# Feeders > Breeding Rats >  Ouch...show us pics of your rat/mice/asf bites!

## Powerspythons

Sometimes those little buggers just come outta nowhere!!

Will I need stiches for this bite..no..will I probably get a bite eventually that will need stitches...probably, and I'll get pics dont worry! LOL.

Top Teeth


Bottom Teeth


By far not the worst bite I've ever gotten, but it was the only one I actually took pics of. lol.

Now it's your turn..post the pics of your rat/mice/asf bites!! Lets see who has gotten it the worst!

----------


## Rhasputin

Got that trying to drain a testicular abscess on a mouse. Ouch.

----------


## Powerspythons

> Got that trying to drain a testicular abscess on a mouse. Ouch.


ooo, ouch! Mouse bites hurt the most I think..must be their small teeth..

----------


## TreF68

> Got that trying to drain a testicular abscess on a mouse. Ouch.


ouch is right! and i bet that bite hurt too  :Wink:

----------


## Rhasputin

Yeah, he got me on that thumb, and my pinky on the other hand was in the same condition. They bled like crazy! And wouldn't stop!

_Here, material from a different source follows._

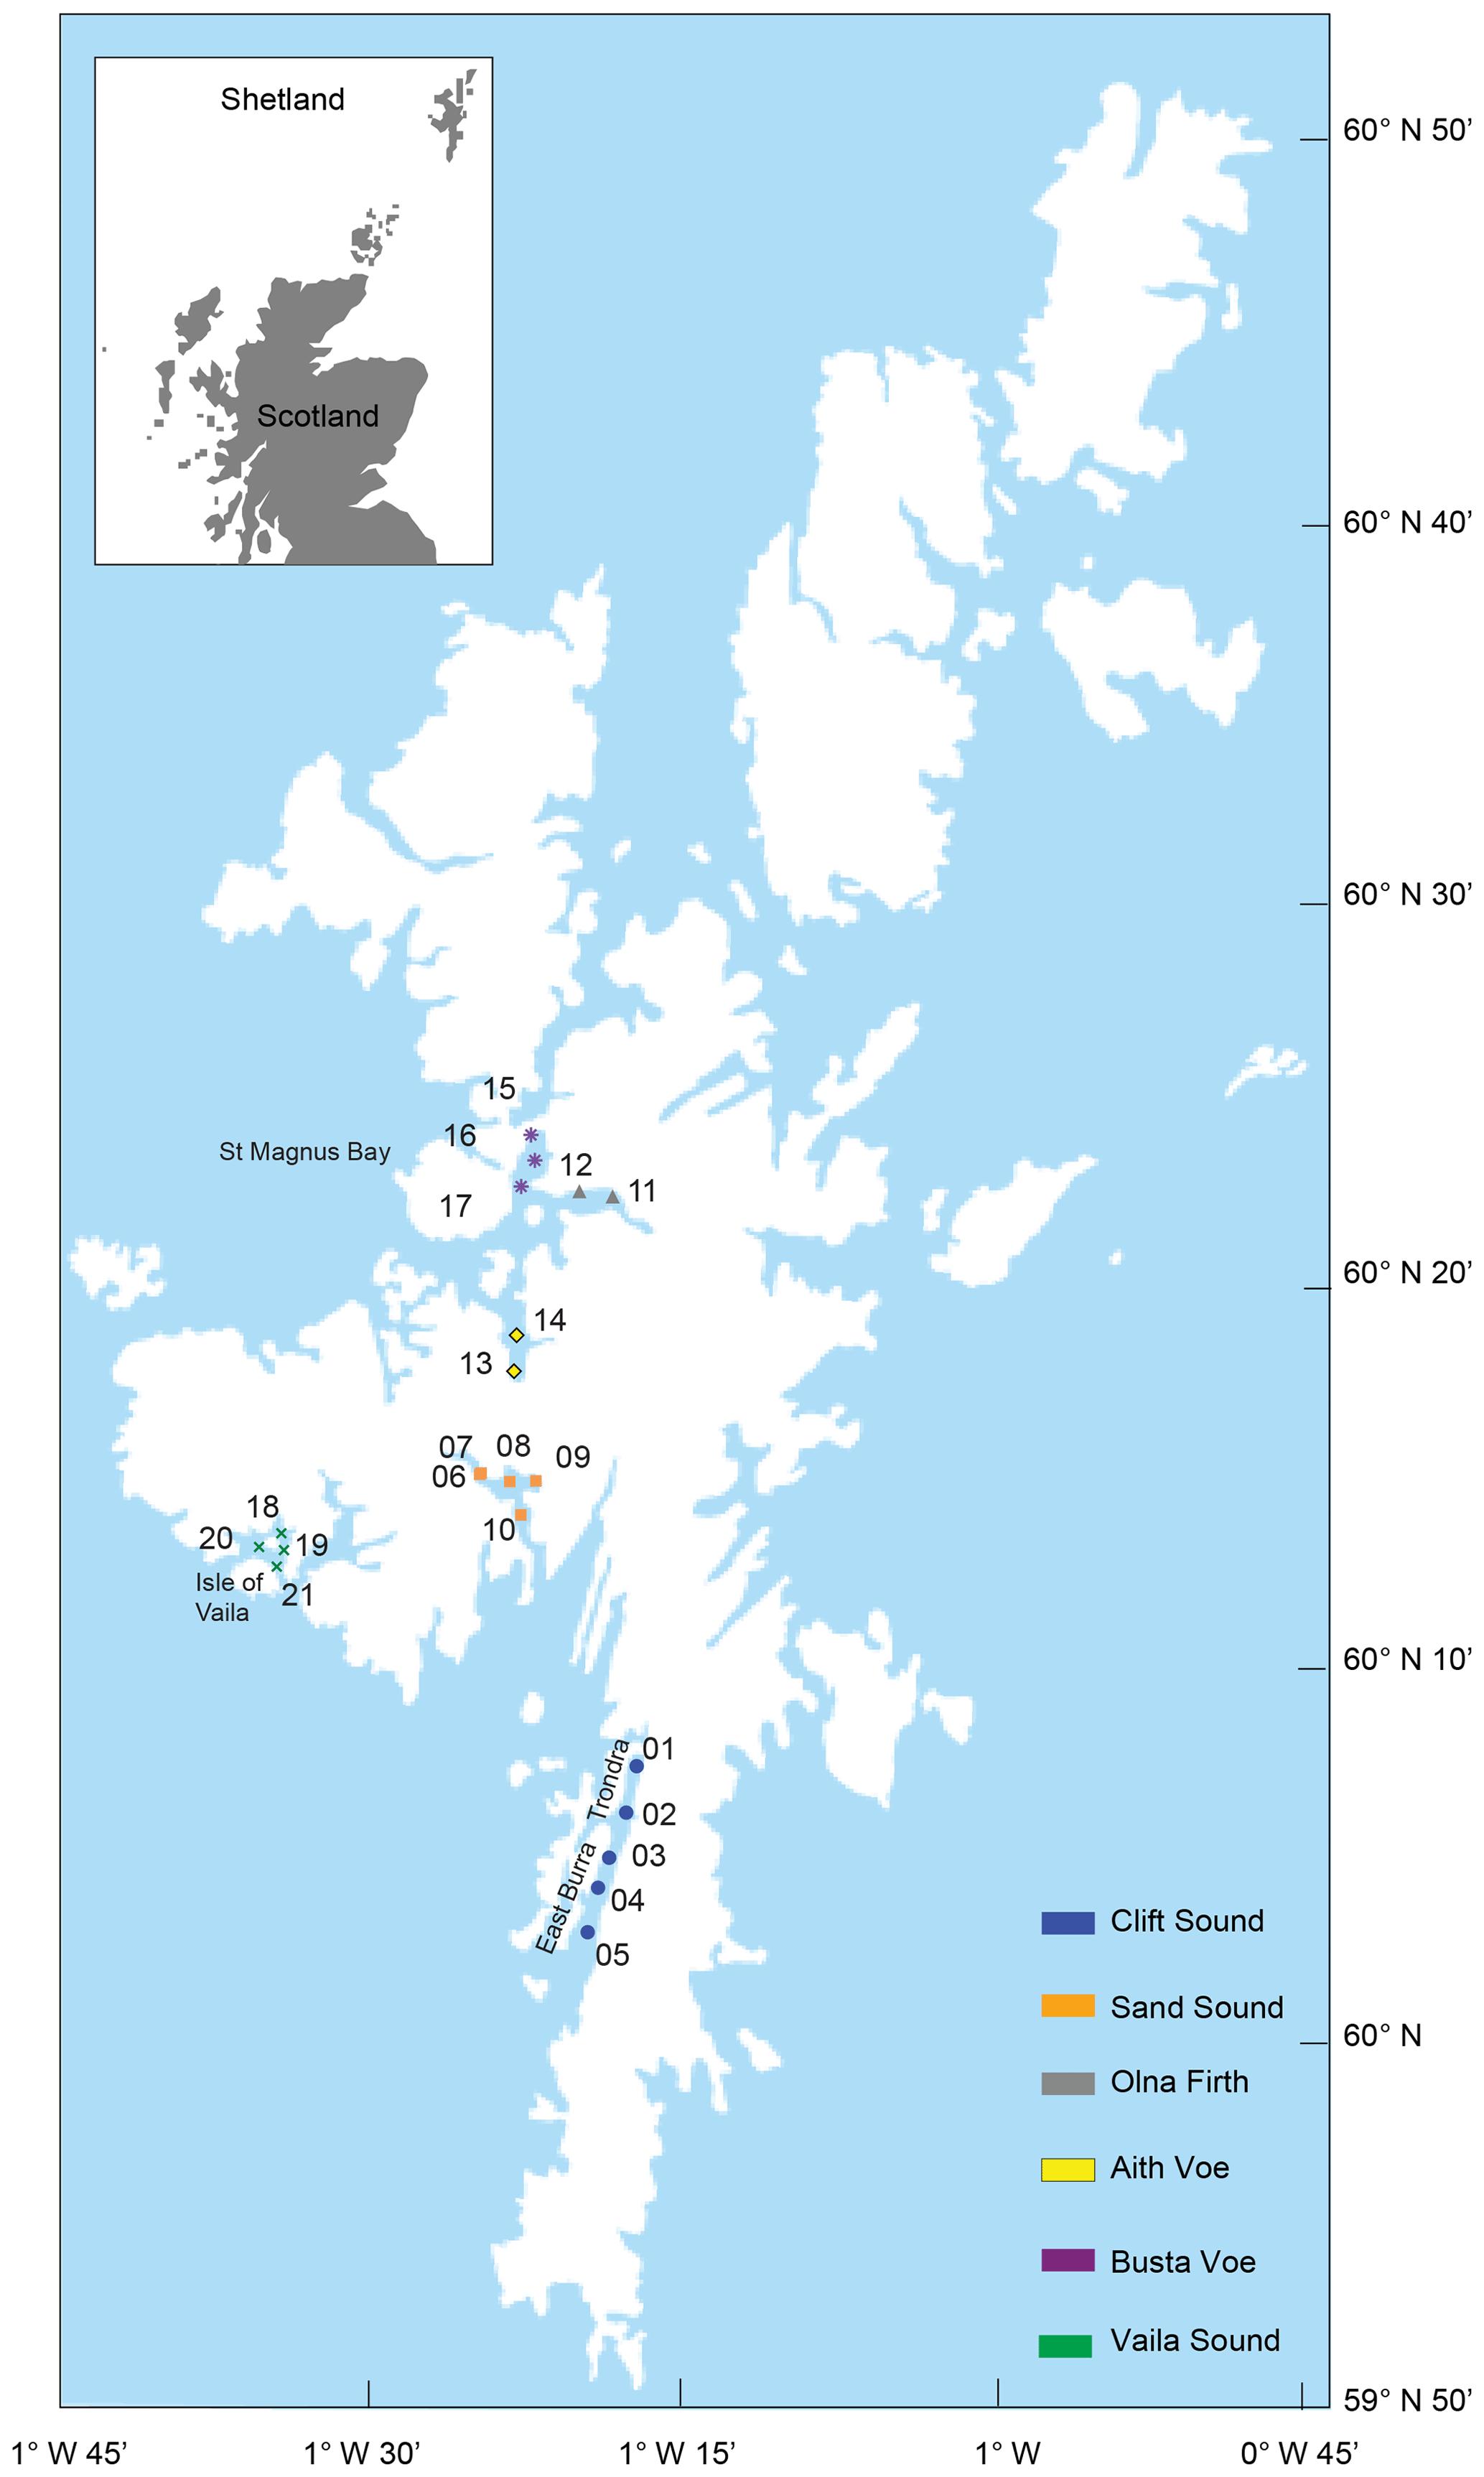 carbon Organic rich BG sedimentsbenthic foraminifera as l3KTcuFJ51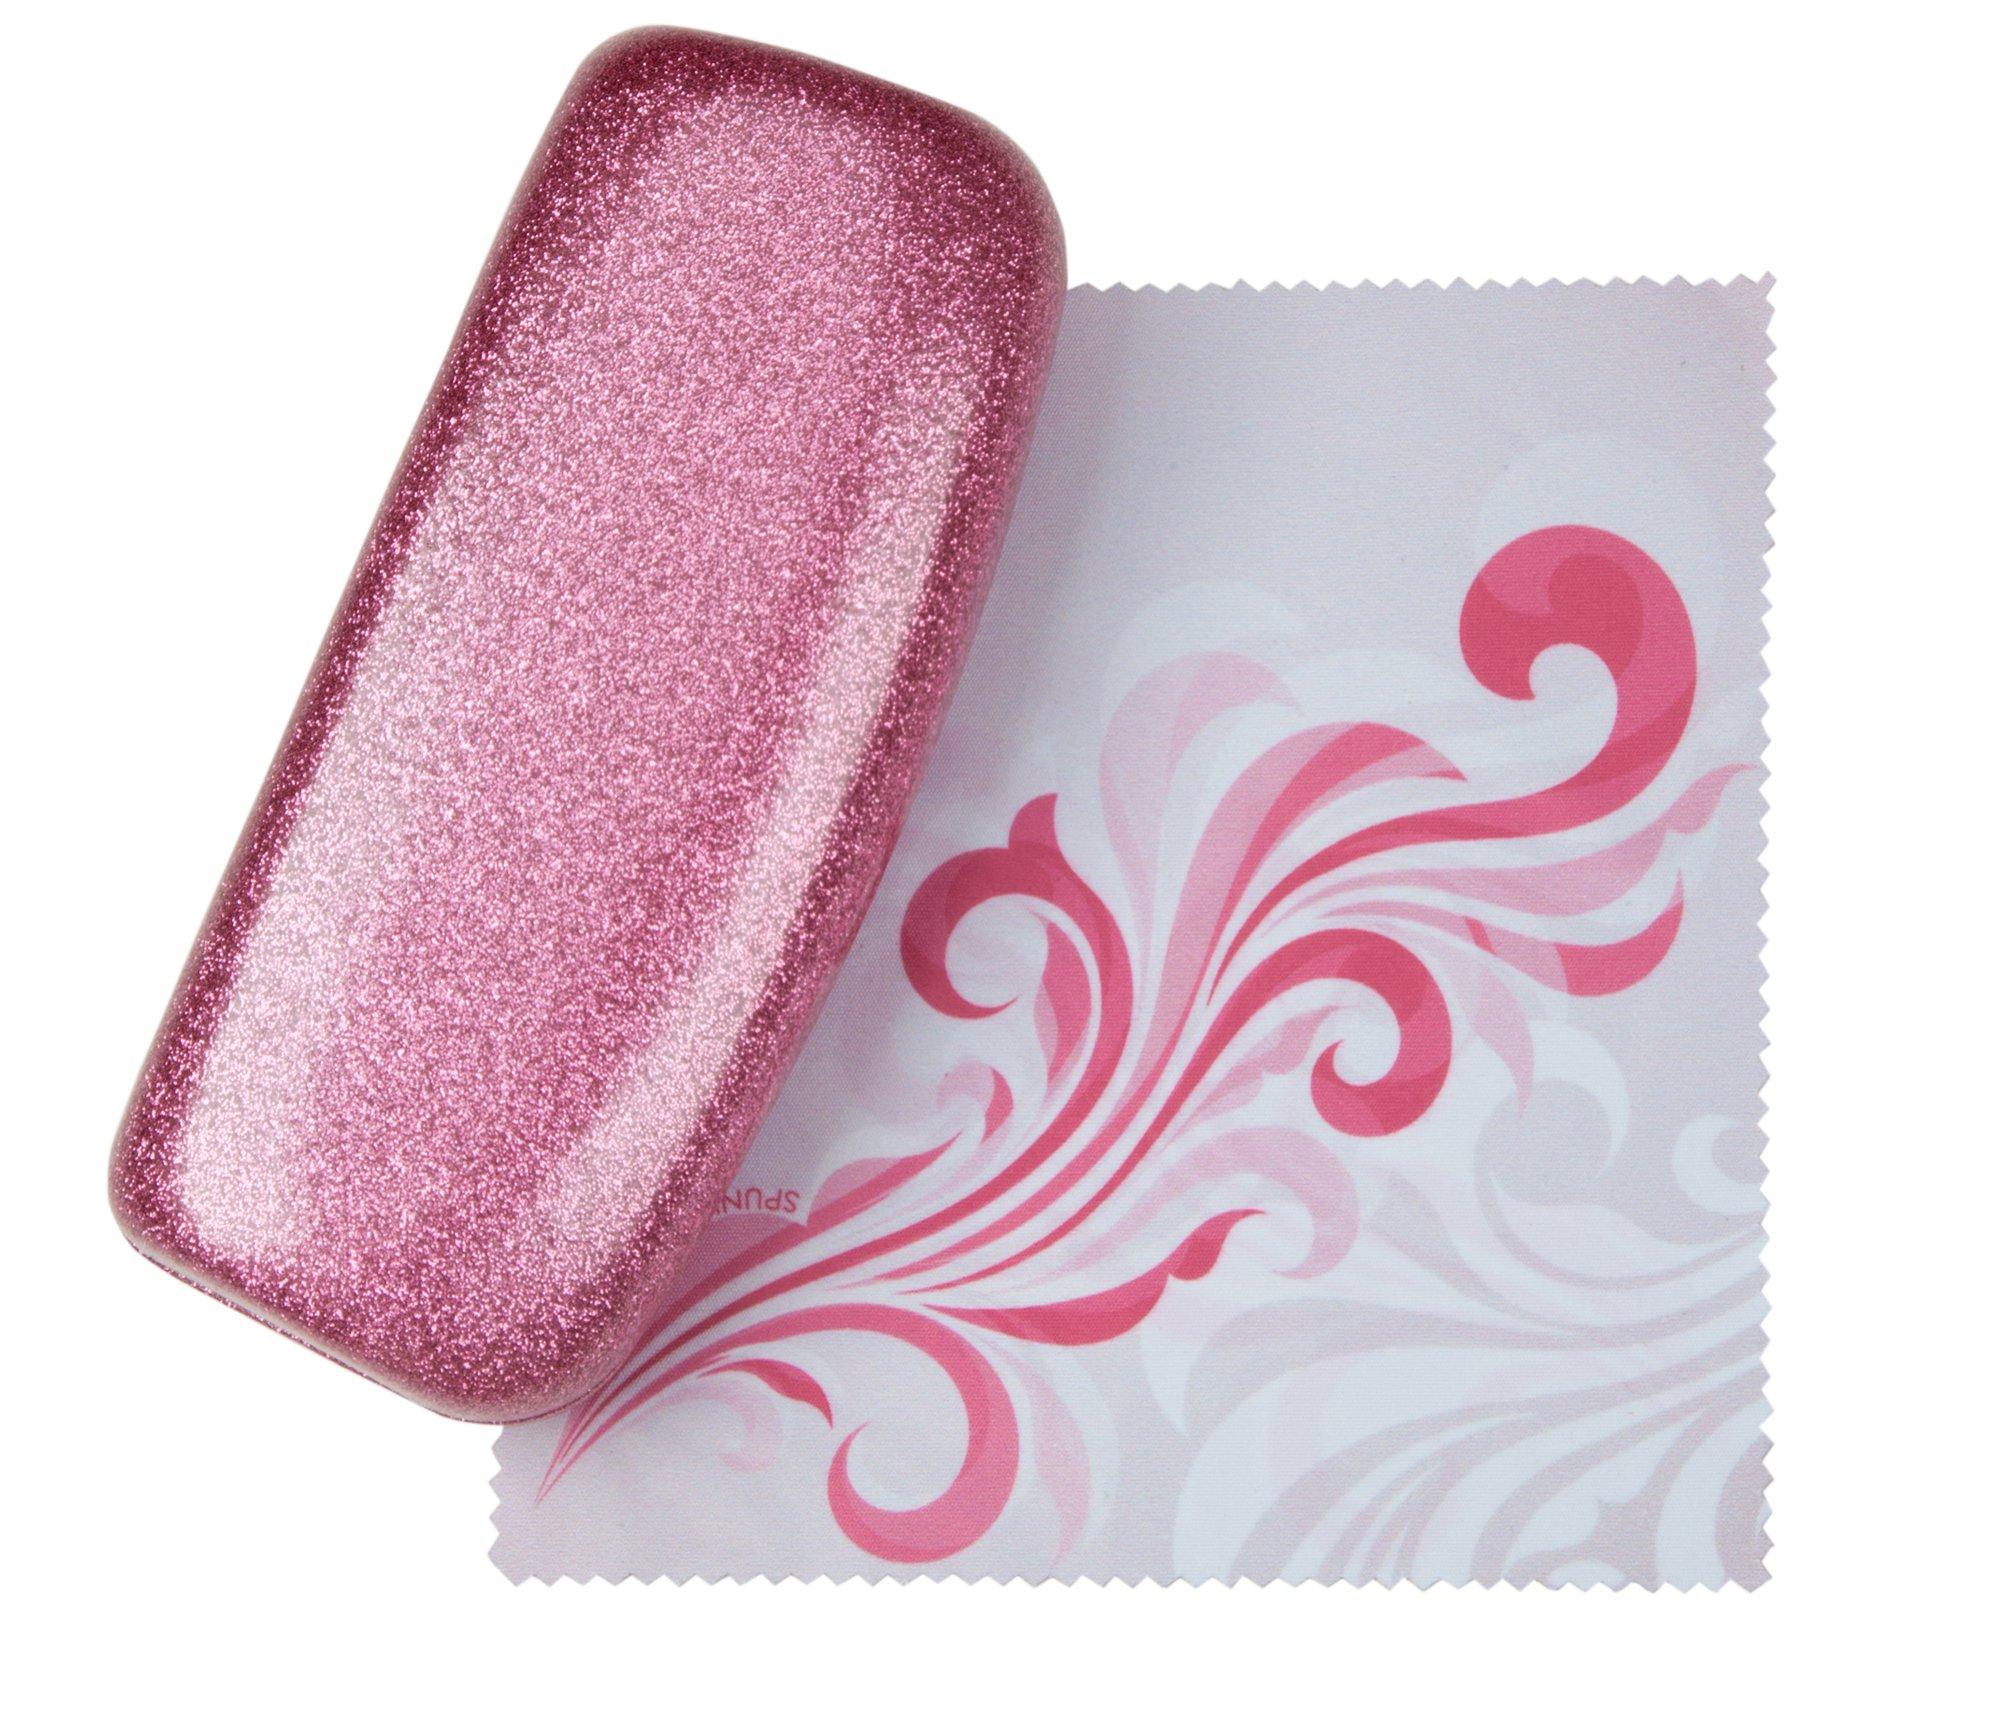 Poetic Pink Medium Premium Fashion Women's Hard Eyeglasses Case By Spunky Soul | Glitter Light Pink | Bonus Cleaning Cloth

My thumb was out of commission for days, it just felt AWFUL like I had broken it or something. When he bit down, he decided he was going to hold on, and not let go for like 20 seconds. It was awful having to sit there, and not do something about it. I didn't want to hurt him.  :/

----------


## HighVoltageRoyals

> Yeah, he got me on that thumb, and my pinky on the other hand was in the same condition. They bled like crazy! And wouldn't stop!
> 
> My thumb was out of commission for days, it just felt AWFUL like I had broken it or something. When he bit down, he decided he was going to hold on, and not let go for like 20 seconds. It was awful having to sit there, and not do something about it. I didn't want to hurt him.  :/


OUCH! I've has a similar experience with a young rat. Getting bit on the finger tips is the worst!  :Sad:

----------

ballpythonluvr (03-13-2011)

----------


## MazAnth

> Got that trying to drain a testicular abscess on a mouse. Ouch.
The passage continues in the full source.